Kludge

Sometimes it’s an art form, and sometimes it’s just your neighbor.

I thought the Bowsering, boozing extended family that surrounds me on three sides — three complete households each bursting with old oversized vehicles, untrained mutts and empty Budweiser cans — were as redneck as it gets in Arlington County (“a world-class community ™”), but the lady on the other side of Ma and Pa Kettle seems to have thrown down the gauntlet.

What happened was, last winter in the thick of the snowy single-digit weather there was a ripsnorting fire call on my block, which grew in a matter of minutes to a complete roadblock involving three engines from different jurisdictions, the fire marshal, and cops arranging cones at the end of the street. Black smoke was blooming out of Neighbor Lady’s third floor window; the houses are all on about the same template here, meaning that floor is a finished attic with head-bonker dormers and indifferent insulation, like the room where I sleep. If it’s anything like mine, the wiring is a post-construction homeowner job, probably not to code, and no one in their right mind would plug a space heater into it. I use cats, myself.

Over the course of the year, various window glass, fire damage, and similar contractors parked at Neighbor Lady’s curb for a day or two. There’s a nice new window where the fire guys had to ladder their way in.

Last night the Cute Engineer and I took a walk after supper, appraising seasonal light displays from the sublime to the ridiculous, and noticing on our return loop a rackety thrum ricocheting through all the open spaces at my end of the block.

An old window-shaker air conditioner was mounted in the nice new window, operating in reverse as a jackleg heat pump, struggling to extrude cold air from the drafty attic and trickle in whatever heat it could extract from the near-freezing air outside. The coils were encased in a rectangle of white frost.
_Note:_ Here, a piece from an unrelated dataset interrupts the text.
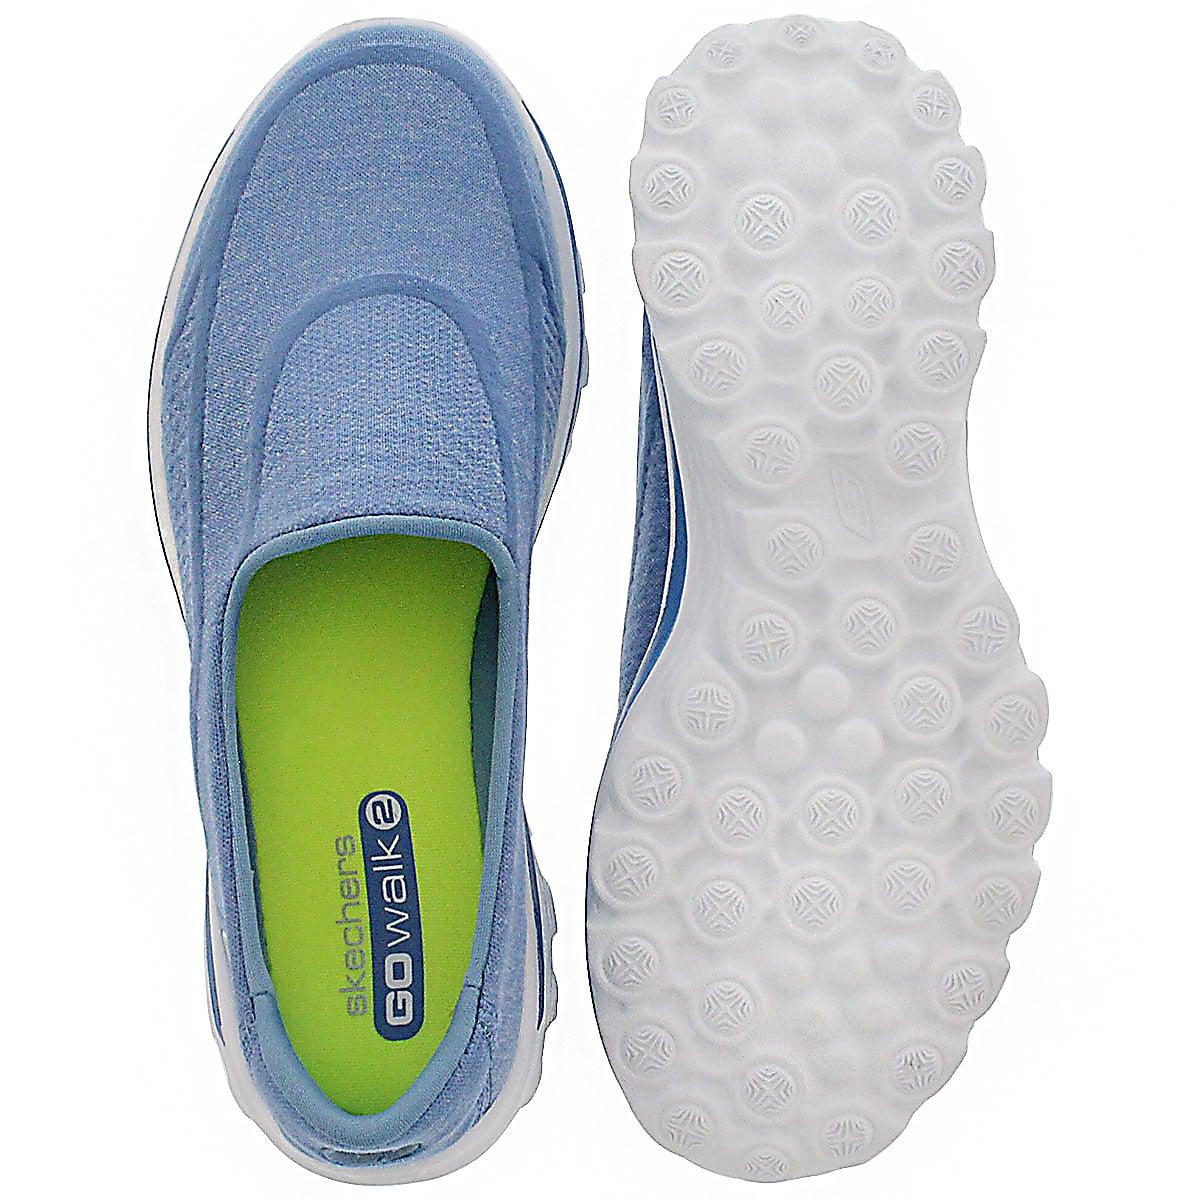 Flâneur bleu/bla GOwalk SUPER SOCK, fem
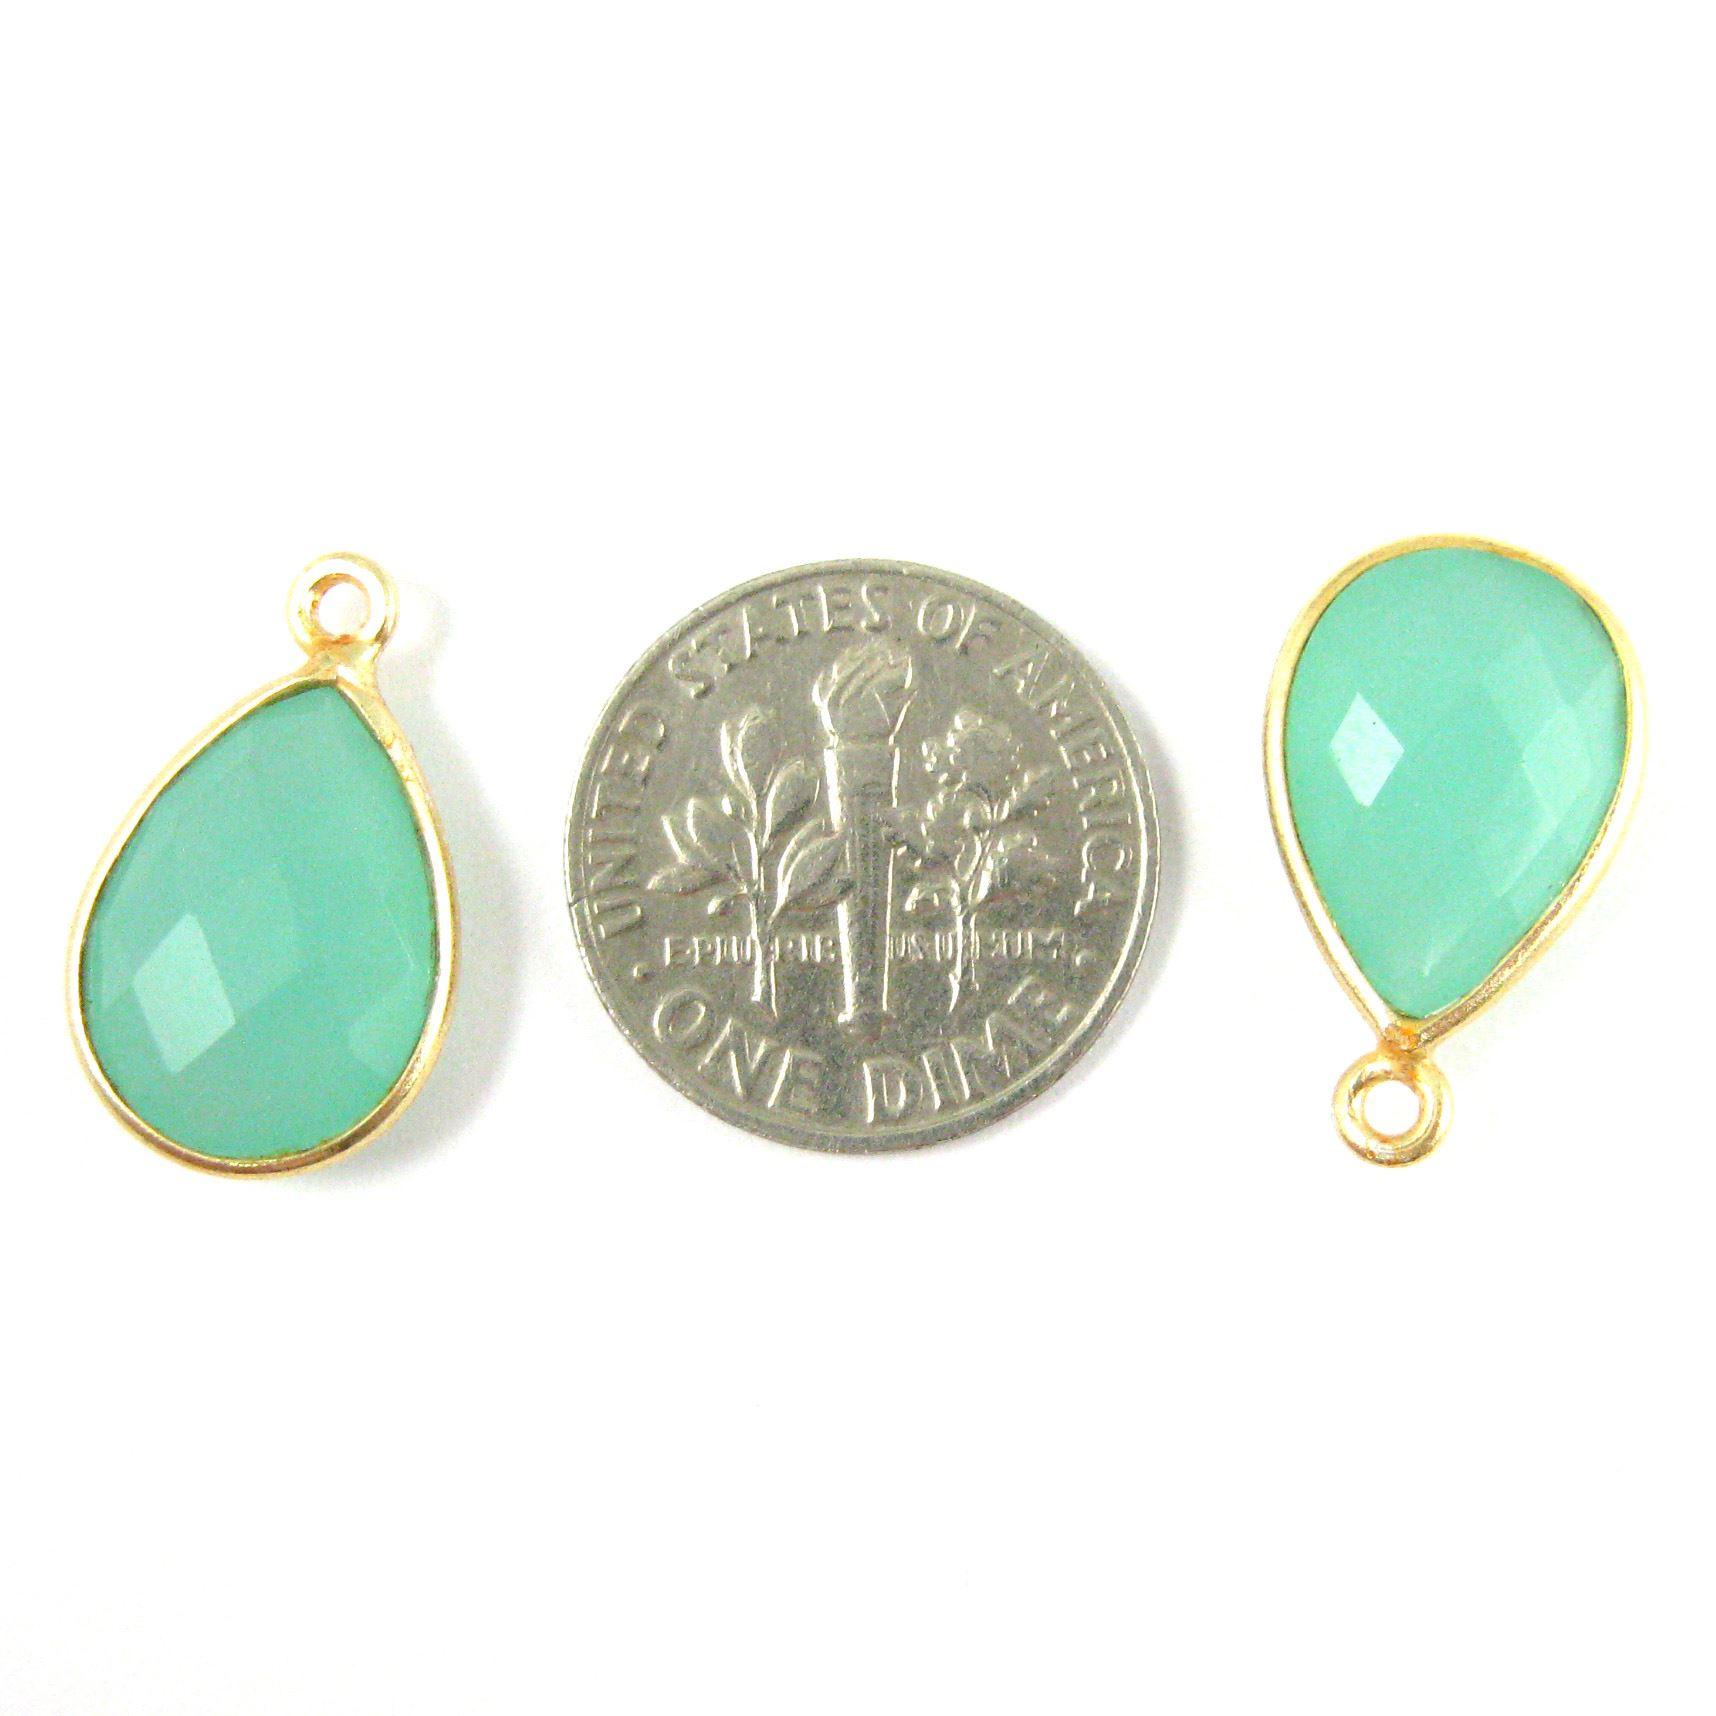 Bezel Gemstone Pendant - 10x14mm Faceted Small Teardop Shape - Peru Chalcedony  (Sold per 2 pieces)

I try not to say anything about middle-aged single women living alone in a house with a cat or two. I really do. But I hope someone calls the social services people if I get to this point.

12 thoughts on “Kludge

    • From the article I linked, it appears so. Probably a measure that would work in someplace like Florida during what they consider a cold snap (40-50 F). Not at freezing temperatures.

      • I don’t no anybody down here that does that, but I wouldn’t be surprised. We are actually getting temperatures in the high 20’s tonight — a real cold snap. In No. Florida it will reach the low 20’s.

        I wonder if this is the same principle with the A/C-Heating for the whole house?

        • Exactly so. The heat pump is the favored climate control method in FL from what I hear since you are not usually seeing prolonged subfreezing temperatures. Of course with global weather fuckery all bets are off.

          My hybrid heat pump compressor has a defrost cycle that spews a truly Mordor-esque cloud of vapor outside my dining room window on cold and snowy days. I don’t think your typical window unit comes equipped quite as well.

    • That’s about how it would go here. If I told you the story of trying to get help for my mentally deteriorating ex-husband — hoarding, sleeping in storerooms and refusing medical care — I’d cry. I often wonder about this lady, who leaves days and days of newspapers on her porch to go to mush in the rain, or someone else down the hill who’s had a dead sapling in his yard for months and pieces of trim lying by his foundations, but you’re right, they won’t look in.

    • I do worry about the shotgun, specially since the guy with the dead sapling seems to be the guy I see piloting a bike woozily up and down the nearest main road several times a week, showing every sign of being permanently drunk and snarling obscenities at people whom he nearly collides with.

      This is actually a “nice” hood. Who would know.